Rare but Relevant: Assessing Variants in Dystonia-linked Genes in Parkinson’s Disease

Lara M. Lange
Zih-Hua Fang
Laurel Screven
Ai Huey Tan
Roy N. Alcalay
Rim Amouri
Roberta Bovenzi
Matilda Fenn
Joshua L. I. Frost
Joseph Jankovic
Simona Jasaityte
Zane Jaunmuktane
Beomseok Jeon
Ignacio Juan Keller Sarmiento
Rejko Krüger
Gregor Kuhlenbäumer
Chin-Hsien Lin
Lukas Pavelka
Maria Teresa Periñan
Samia Ben Sassi
Tommaso Schirinzi
Jung Hwan Shin
Joshua M. Shulman
Yi Wen Tay
Ryan Uitti
Tom Warner
Zbigniew K. Wszolek
Lesley Wu
Ruey-Meei Wu
Kirsten E. Zeuner
Cornelis Blauwendraat
Andrew Singleton
Niccolò E. Mencacci
Huw R. Morris
Shen-Yang Lim
Katja Lohmann
Christine Klein
Global Parkinson’s Genetics Program (GP2)
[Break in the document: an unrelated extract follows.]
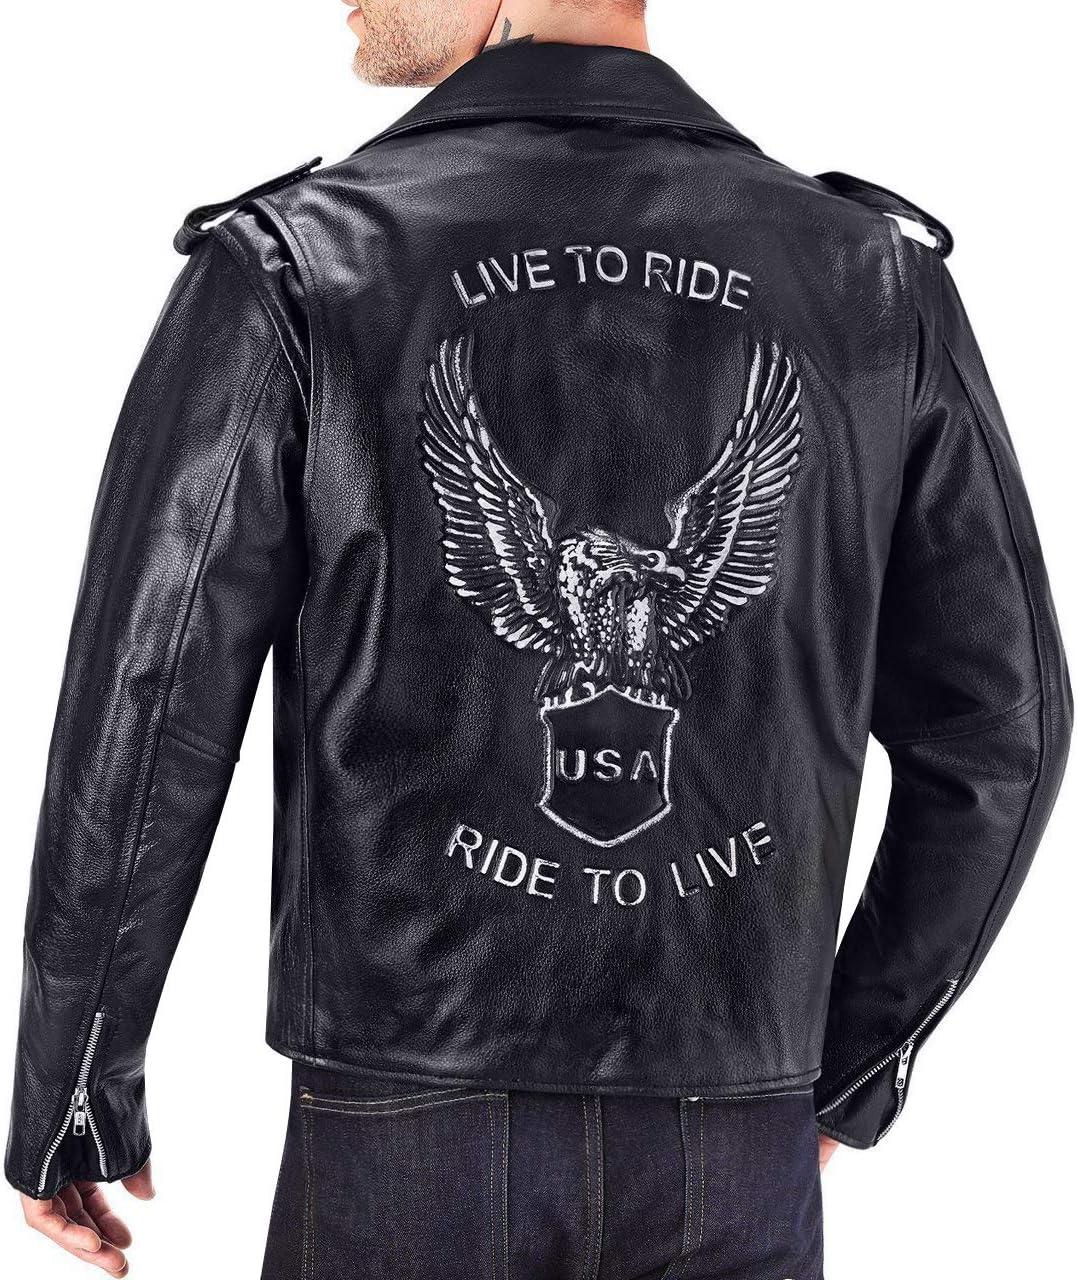 Viking Cycle American Eagle Premium Grade Cowhide Leather Motorcycle Jacket for Men (Medium)

0 evaluations Published on Jul 11, 2025

This article on Sciety

Abstract

Background

Dystonia and Parkinson’s disease (PD) show clinical and genetic overlap, but the relevance of dystonia gene variants in PD remains unclear.

Objective

To assess the frequency of dystonia-linked pathogenic variants in PD.

Methods

We screened sequencing data from 15,738 individuals (7,851 PD, 4,287 atypical parkinsonism, and 3,600 unaffected) from GP2 and AMP-PD for variants in genes linked to isolated dystonia, dystonia-parkinsonism, and myoclonus-dystonia.

Results

Pathogenic variants were only identified in PD patients. Forty-five PD individuals (0.57%) carried 26 distinct (likely) pathogenic variants in nine dystonia-linked genes, most frequently in GCH1, followed by VPS16.

Conclusion

Though rare, pathogenic variants in dystonia-linked genes are present in clinically and pathologically diagnosed PD. Our results reinforce GCH1 as a PD-relevant gene with clinical implications, while variants identified in other genes are rare and of sometimes uncertain relation to the PD phenotype.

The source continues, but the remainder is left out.